Dr. Lydia E. Kavraki’s list of accomplishments, accolades, and titles is almost too much to process—the computer scientist is currently the Noah Harding Professor of Computer Science and Bioengineering at Rice University, but she also holds an appointment at the Department of Structural and Computational Biology and Molecular Biophysics at the Baylor College of Medicine in Houston, in addition to sitting on a number of advisory boards for various publications, holding fellowships and memberships at a whole mess of associations and institutions, and running her own lab at Rice. It may sound a bit dry, until you realize what Kavraki’s work consists of: She makes robots work. It’s not bad work if you can get it (or, alternately, you’re brilliant enough to do it).
Kavraki’s work is incredibly complex (to put it mildly), but her robotics work essentially boils down to path planning for robots—making sure they have a collision-free path to follow. Her method, the Probabilistic Roadmap Method (PRM), is hailed for providing a paradigm shift across the robotics community, as it utilizes randomizing and sampling-based motion planners to path plan, a simpler technique than had been previously used (one that meant that all applicable path space had to be explored and taken into account). Kavraki also helped write the book on the subject—literally: Her Principles of Robot Motion is the preeminent text on the subject. She also developed the Open Motion Planning Library, part of the Robot Operating System, which is referred to as “the Unix of robotics”—it’s that essential to modern robotic movement. Kavraki’s research is highly applicable across all sorts of robotics, including previously unsolvable problems like how to dock an airspace shuttle to an orbiting space station and “teaching” robots how to tie knots when suturing in a surgical environment.
Kavraki’s expertise also extends to the world of bioinformatics, and her work there applies to the structure and flexibility of molecules, just in case she didn’t have enough to do already.
In 2000, Kavraki won the Association for Computing Machinery (ACM) Grace Murray Hopper Award for her technical contributions, an incredibly special award that only goes to a computer professional who makes a single, significant technical or service contribution at or before age 35. (How special?
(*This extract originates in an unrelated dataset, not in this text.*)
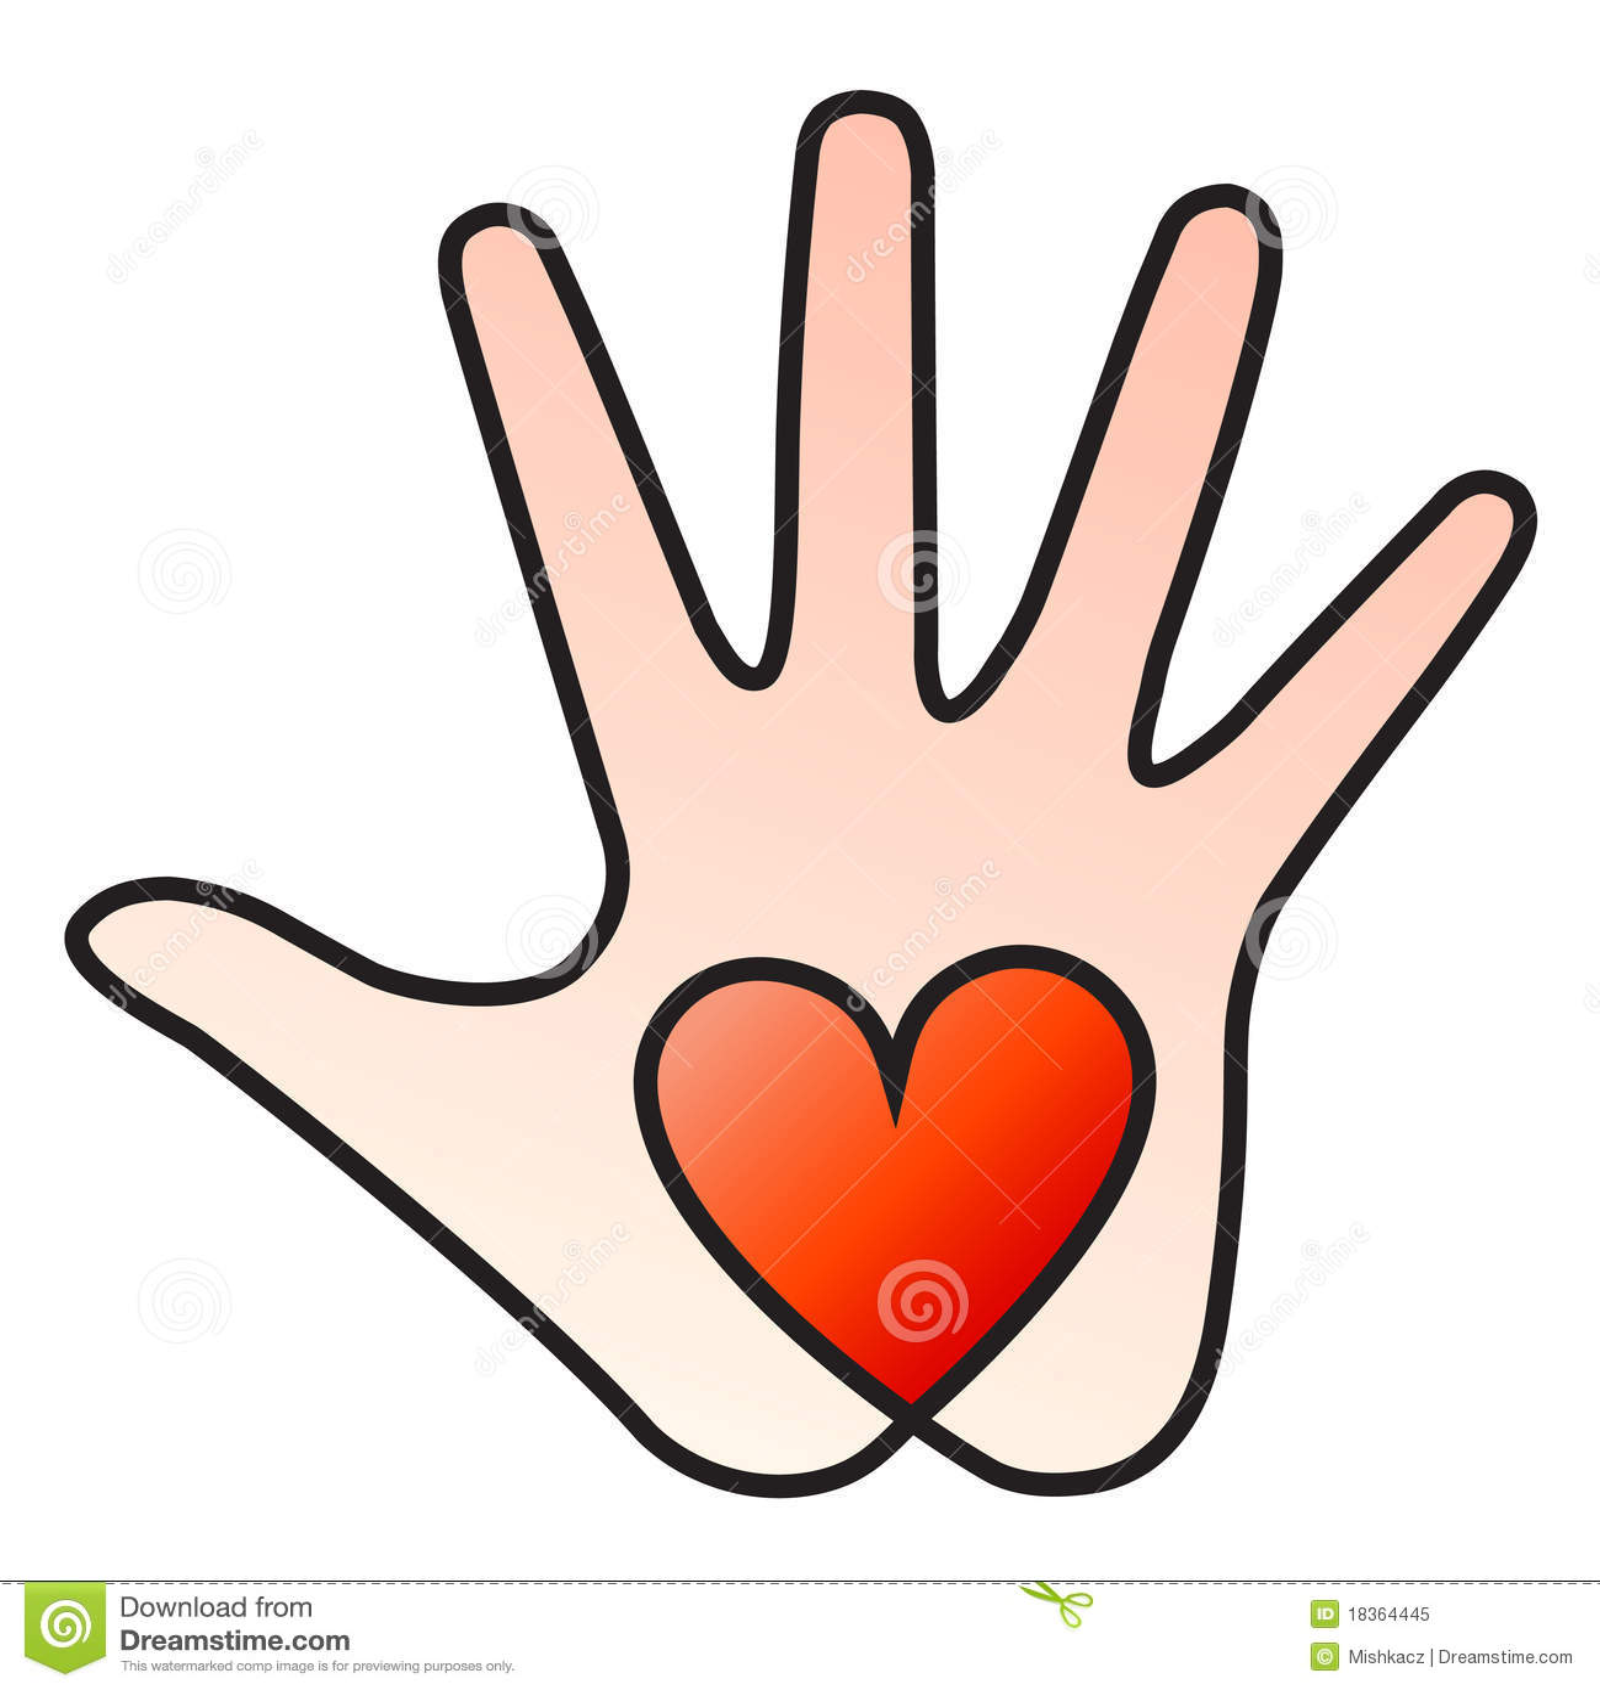 heart hand royalty free stock photo image 18364445

On five occasions, the award wasn’t given out; their standards are just that high.) She’s also got a Sloan Fellowship, an NSF CAREER award, recognition as a top young investigator from the MIT Technology Review magazine, a “Brilliant 10” designation from Popular Science, and a 2002 inclusion from Technology Review on annual list of 35 innovators under the age of 35, just to keep things interesting (and lauded).
For now, Kavraki continues to teach at Rice University, with her own Kavraki Lab bent on researching the two prongs of her scientific interests: robotics and bioinformatics and biomedicine. By all accounts, Kavraki’s brilliance in the lab translates to the classroom, as she is a recipient of Rice’s own Duncan Award for excellence in research and teaching. Kavraki’s dedication to the advancement of not only her research, but her students and science in general, is clear enough already, though beautifully minimized with one line on her Rice website linking out to still more accomplishments and awards, those of others dear to her, reading simply, “I am most proud of the accomplishments and awards of my students.”